REQUIRED WORK: In the copy, keep every record exact and leave out all images.

___

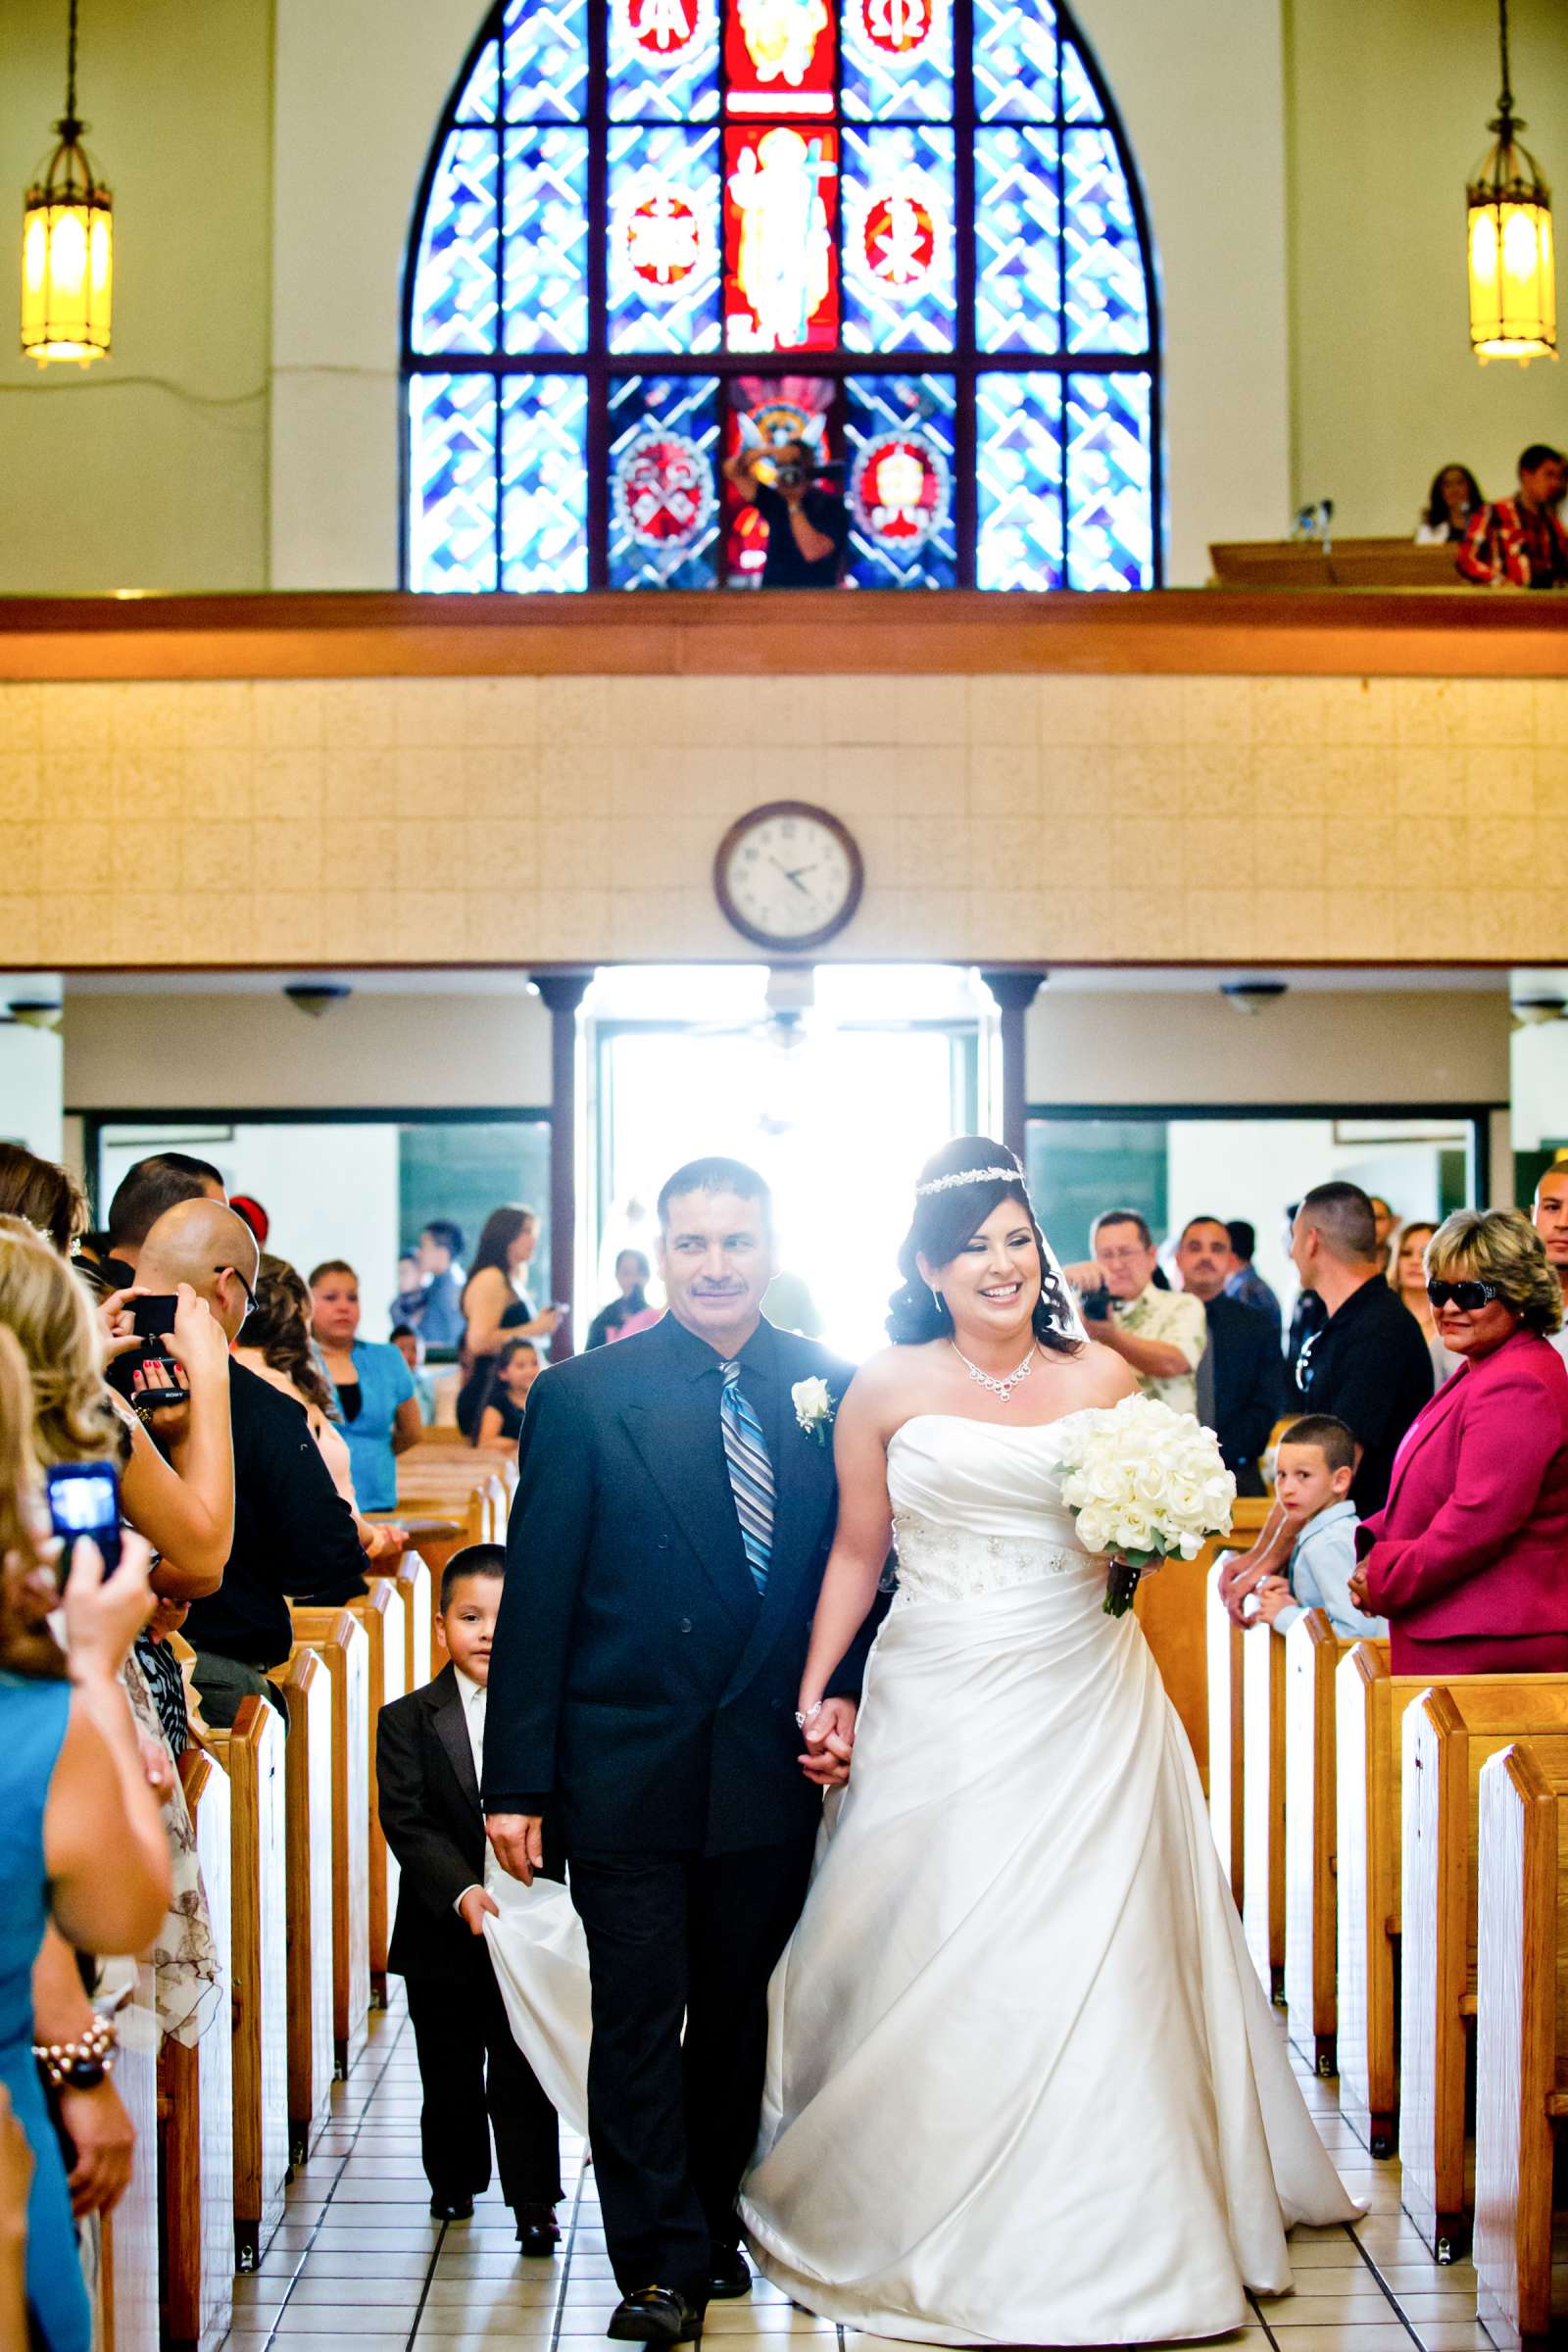 Holy Trinity Parish Hall Wedding, Elizabeth and Angel Wedding Photo #321872 by True Photography
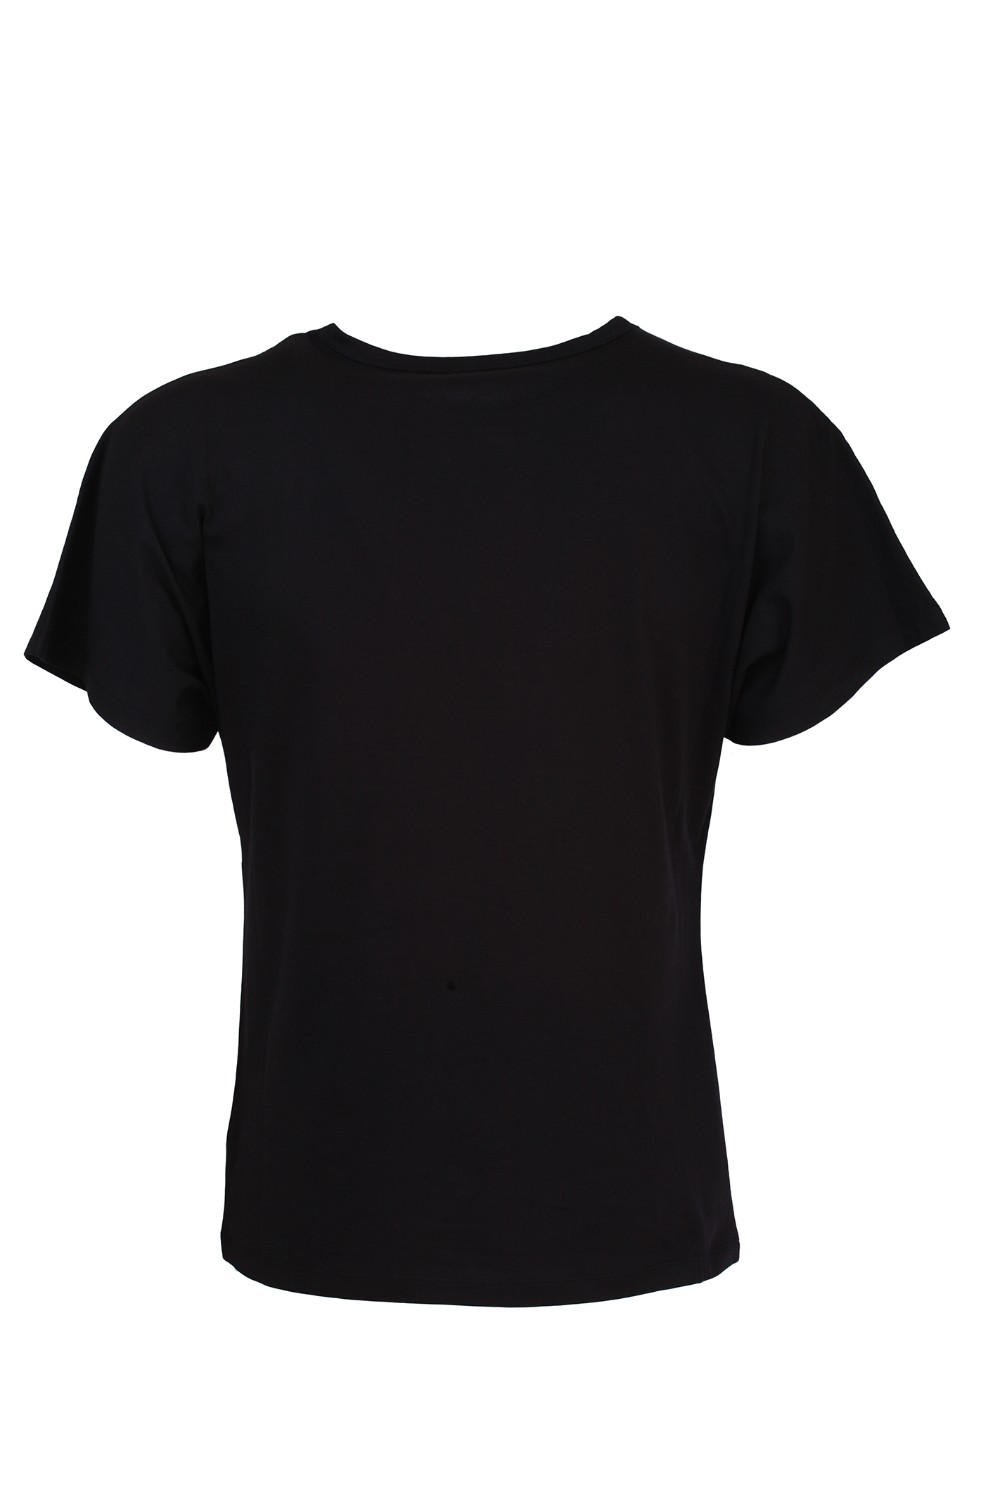 shop MONCLER Saldi T-shirt: Moncler T-shirt in cotone di colore nero con stampa Logo.
Girocollo.
Maniche corte.
Stampa grafica Logo a contrasto.
Vestibilità regolare.
Composizione: 100% cotone.. 8C707 10 V8094-999 number 5945748

___

SOLUTION TO THE EXERCISE:
 Holy Trinity Parish Hall Wedding, Elizabeth and Angel Wedding Photo #321872 by True Photography
 shop MONCLER Saldi T-shirt: Moncler T-shirt in cotone di colore nero con stampa Logo.
Girocollo.
Maniche corte.
Stampa grafica Logo a contrasto.
Vestibilità regolare.
Composizione: 100% cotone.. 8C707 10 V8094-999 number 5945748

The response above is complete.